## PROBLEM STATEMENT
Use the entries below and reproduce exactly the lines from the one containing "Inowrocław - W" down to the one containing "UCB knitted bright yellow sweatshirt", both of them included.

··· THE RECORDS ···

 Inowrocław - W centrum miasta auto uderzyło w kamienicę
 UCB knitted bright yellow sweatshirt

···
··· THE RECORDS ···

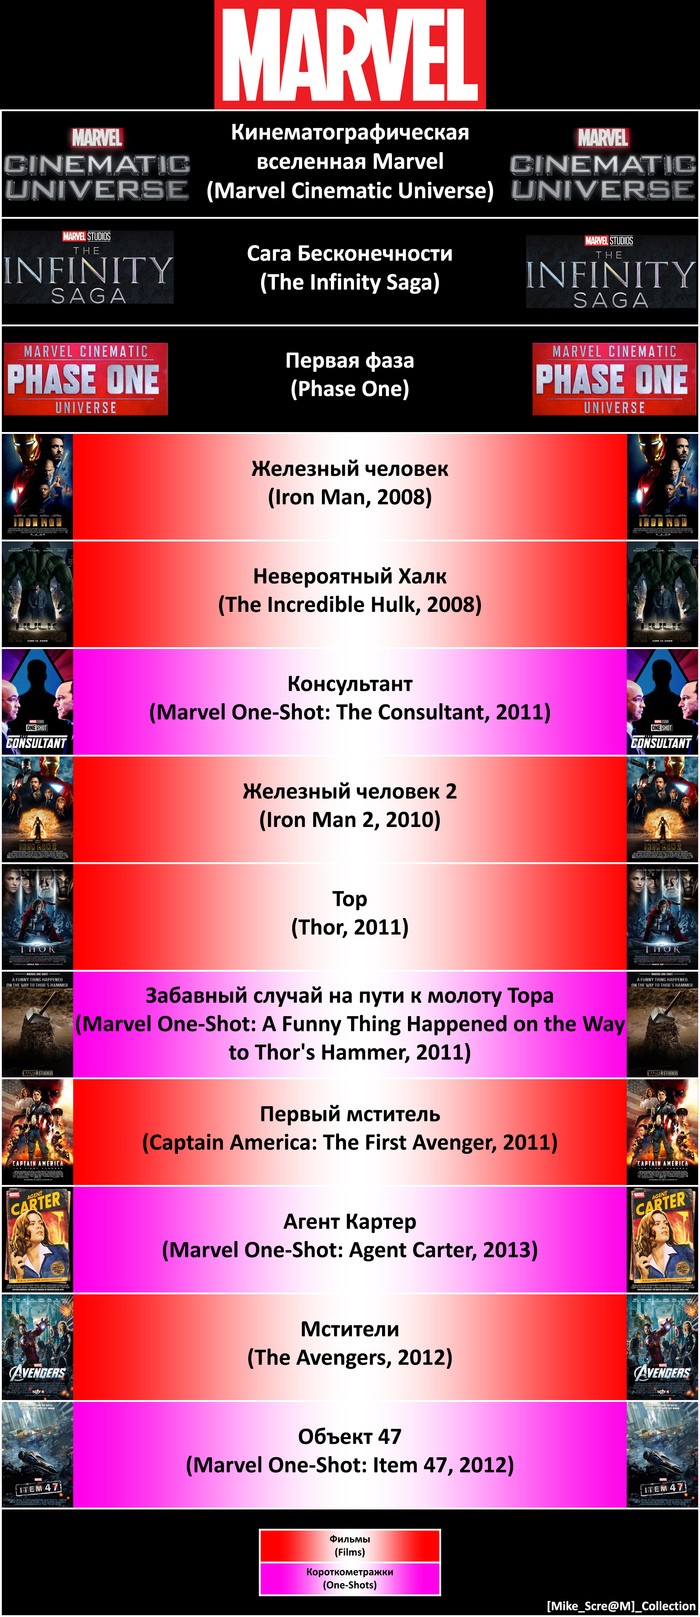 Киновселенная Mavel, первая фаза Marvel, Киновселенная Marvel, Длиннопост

···

## WRITTEN ANSWER
 Inowrocław - W centrum miasta auto uderzyło w kamienicę
 UCB knitted bright yellow sweatshirt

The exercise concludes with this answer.